To address this question, we considered multiple counterarguments. The argument that the use of 2-photon in vivo imaging revealed layers and spaces not previously identified fails because spaces hundreds of micrometers in width can be identified without specialized imaging. The argument that the “outer subarachnoid space” was artifactually eliminated by tissue shrinkage in all previous studies using light microscopy, confocal microscopy, or transmission electron microscopy fails because the authors show the “outer subarachnoid space” in fixed, dehydrated, paraffin embedded, and sectioned mouse and human specimens (Figs. 3 and S3). Furthermore, the subarachnoid space of the same dimensions is visible regardless of the methods used for tissue processing and imaging. Spaces of this size do not just disappear. The argument that immunohistochemical staining proved that the Prox1-EGFP cells were not adjacent to the E-cadherin-positive arachnoid barrier layer (Fig. 3C, 3E) fails for the reasons described in points 2-4 above. The argument that the Prox1-EGFP-positive cells have a barrier function fails because Møllgård et al. did not test the barrier function of these cells apart from the arachnoid barrier layer, which is not visible in their 2-photon images. The argument that Prox1-positive cells in the meninges have properties of lymphatic endothelial cells and mesothelial cells fails for the reasons described in point 4. Even as a hypothesis, the relationship of a subset of meningeal cells to lymphatics and mesothelial cells would have to be objectively tested with consideration of the evidence in favor of or against the concept before it could be taken seriously.
After considering all of these issues, we conclude that Prox1 is expressed by a subset of arachnoid cells located close to the arachnoid barrier layer, but the authors’ claims of the discovery of a “4th meningeal layer” that divides the subarachnoid space and forms a barrier between the subdivisions are misrepresentations and misinterpretations of their data. Findings that underlie these claims can be explained on the basis of what is already known about meningeal cellular structure and function.

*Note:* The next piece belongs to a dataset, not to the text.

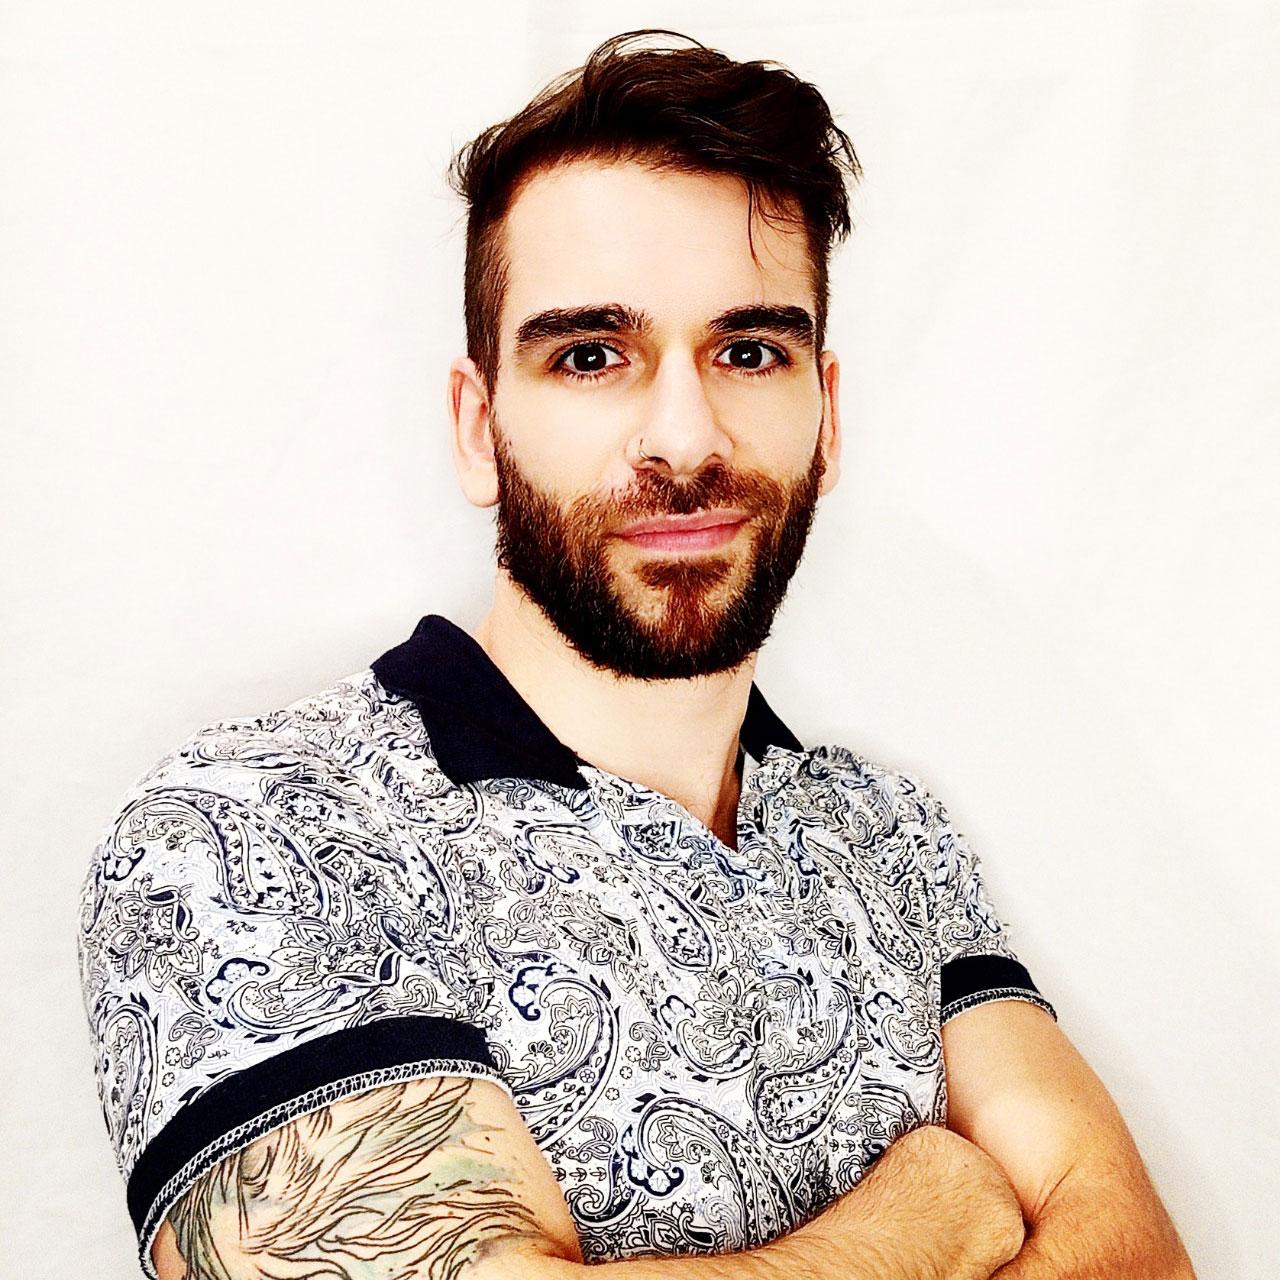 Manuel-David

Response to Dr. Seigenthaler's eLetter
We appreciate Dr. Seigenthaler’s interest in our work. We have previously provided a lengthy explanation outlining the significant fixation artifacts that change not only the morphology, but also the apparent locations, of fragile membranes within fluid-filled spaces – including in this case the membranes within subarachnoid compartments. In addition, we have described how tracers are mislocated upon death, as first reported by Dr. Theise’s group 1. In her critique of our present study, Dr. Seigenthaler refers to histological studies, as well as to the phenotypic characterization of tissues harvested from other species, other developmental stages, and other CNS regions. Yet such imprecise comparisons can be as misleading as they are uninformative. Brain fluid transport and its vectorially-organized flow dynamics are highly specialized, and as such, so are the membranes covering the CNS. It is thus critical to avoid generalization based on fixation artifact, and to instead capitalize upon the availability of contemporary live imaging technology to accurately describe brain fluid dynamics. Importantly, these new technologies can validate as well as expand the scope of traditional histology. Indeed, our recent publication demonstrated that imaging of collagen around penetrating arteries using second harmonic generation replicated traditional immunohistochemistry 2, in contrast to Dr. Seigenthaler’s concerns in that regard. Going forward, we hope that Dr. Seigenthaler will participate in the acquisition of new and relevant in vivo data, which might better shed new light on the exciting world of glymphatic transport and its structural restrictions.
Comments on the letter from Rieck & Veh, Institut für Zell- und Neurobiologie, Centrum 2, Charité - Universitätsmedizin Berlin:There are no separate functional compartments within the subarachnoid space
Since 1956 it has been well established that the subarachnoid space is compartmentalized by initial findings based on encephalography (Liliequist, 1956), evidence that has been used among neurosurgeons all over the world since then.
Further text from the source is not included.